PROBLEM REQUIREMENTS:
Give a verbatim copy of the data, leaving the pictures out.
___ DATA
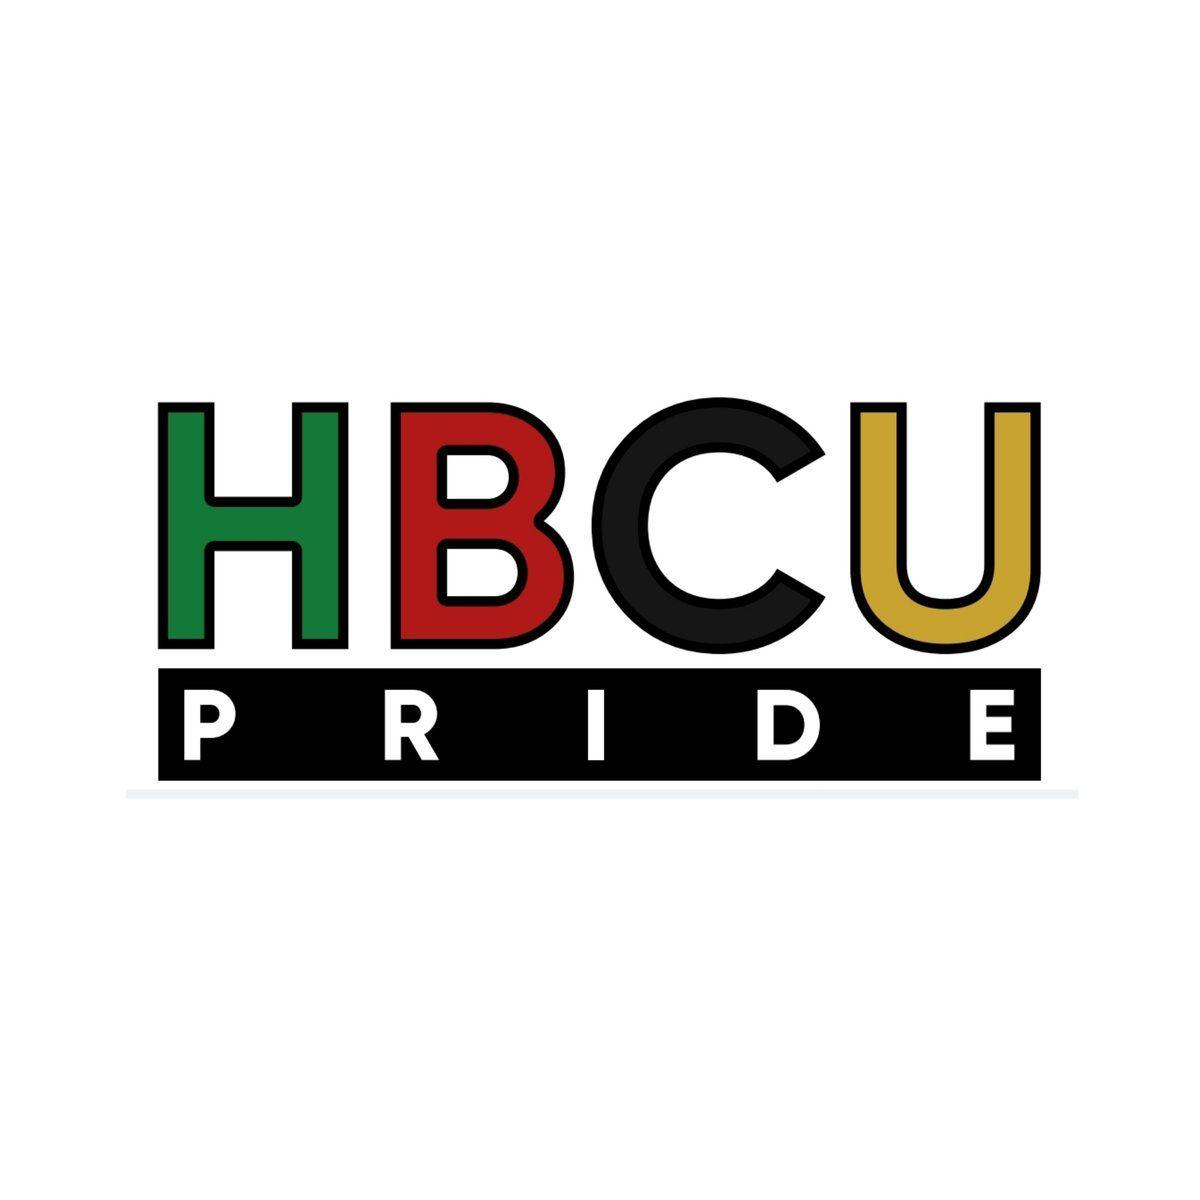 HBCU Logo - HBCU Pride Nation
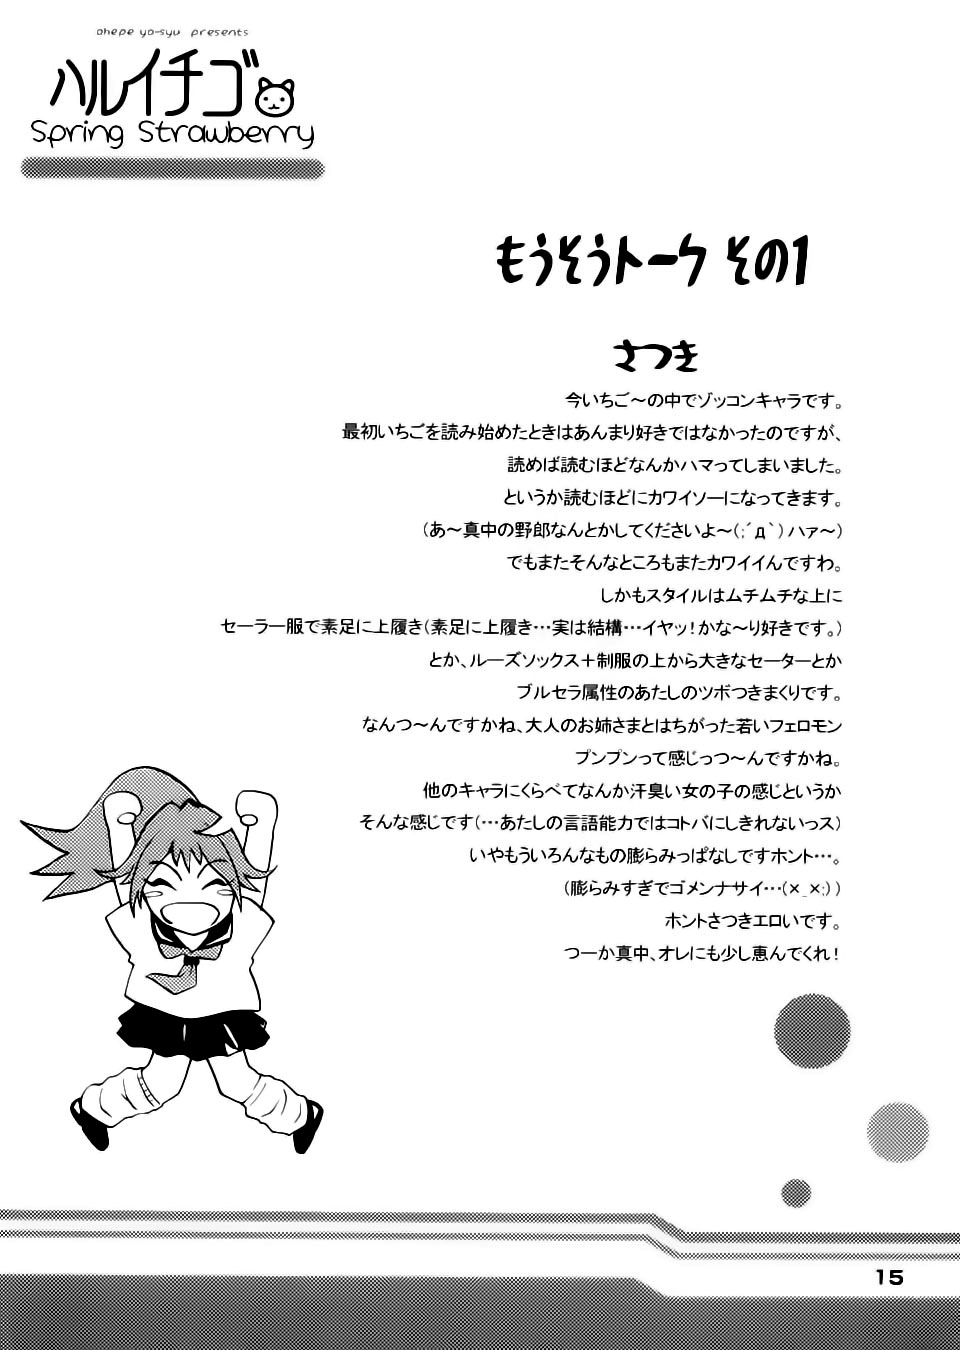 [Yoshu Ohepe (Amazake Hatosyo-ten)] Haru Ichigo Vol. 01 | Spring Strawberry Vol. 01 (Ichigo 100%) [MHnF][Spanish] 
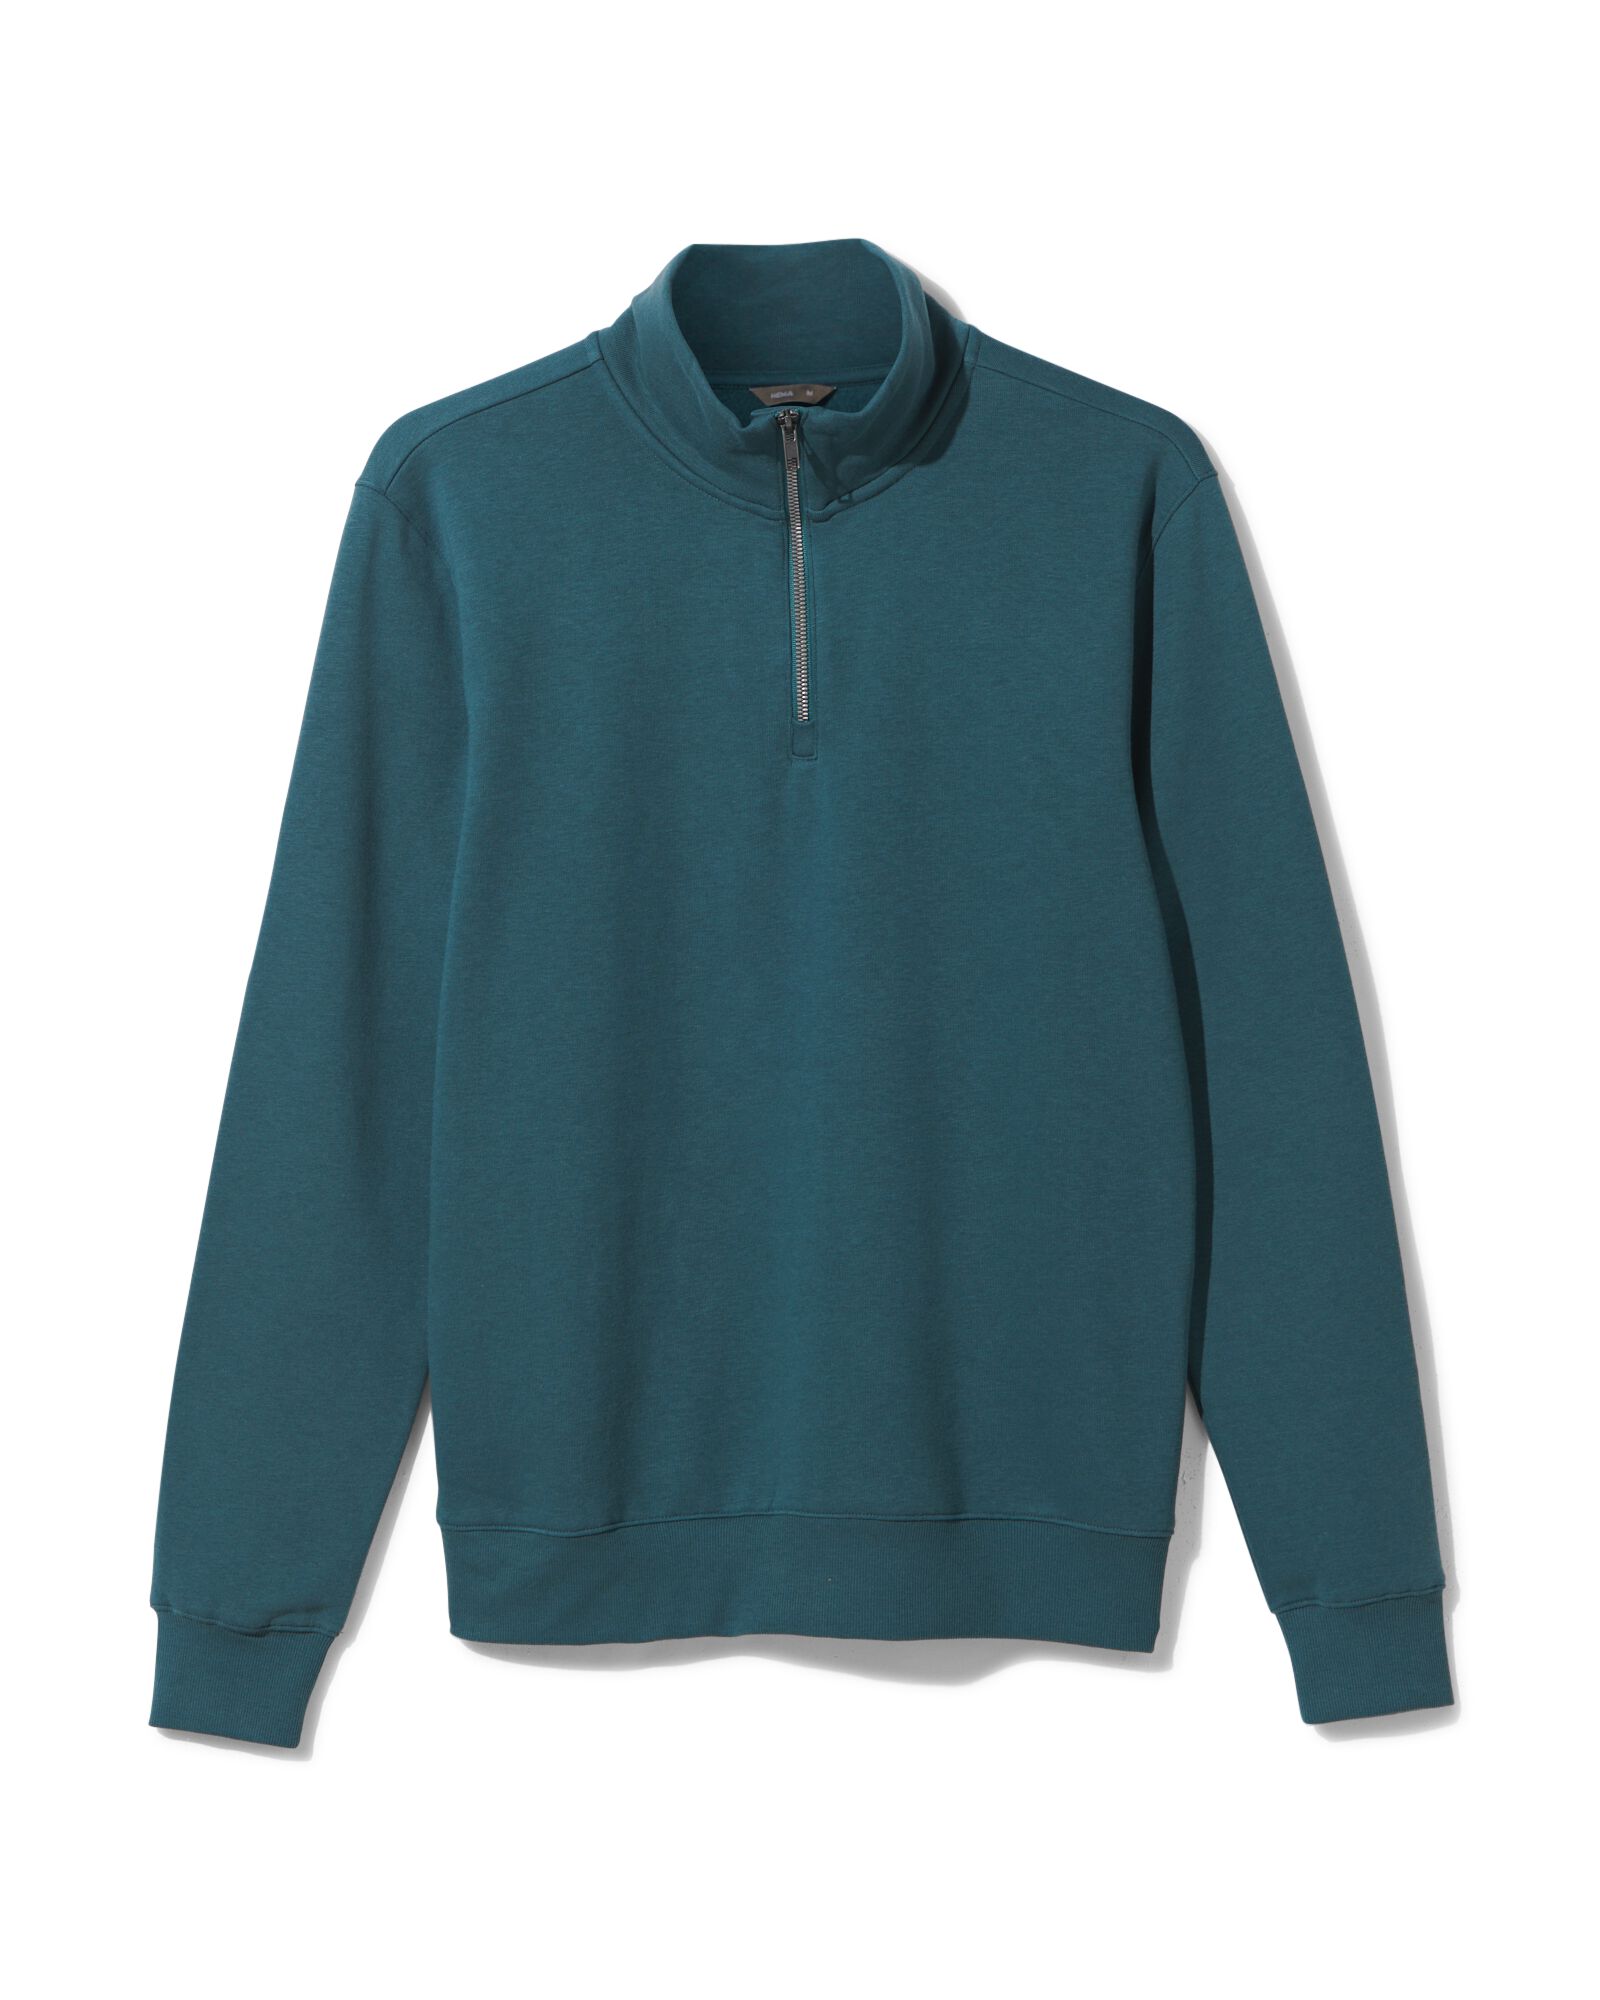 heren sweater met rits blauw XL - 2101423 - HEMA
______
OUTPUT OF THE EXERCISE:
 HBCU Logo - HBCU Pride Nation
 [Yoshu Ohepe (Amazake Hatosyo-ten)] Haru Ichigo Vol. 01 | Spring Strawberry Vol. 01 (Ichigo 100%) [MHnF][Spanish] 
 heren sweater met rits blauw XL - 2101423 - HEMA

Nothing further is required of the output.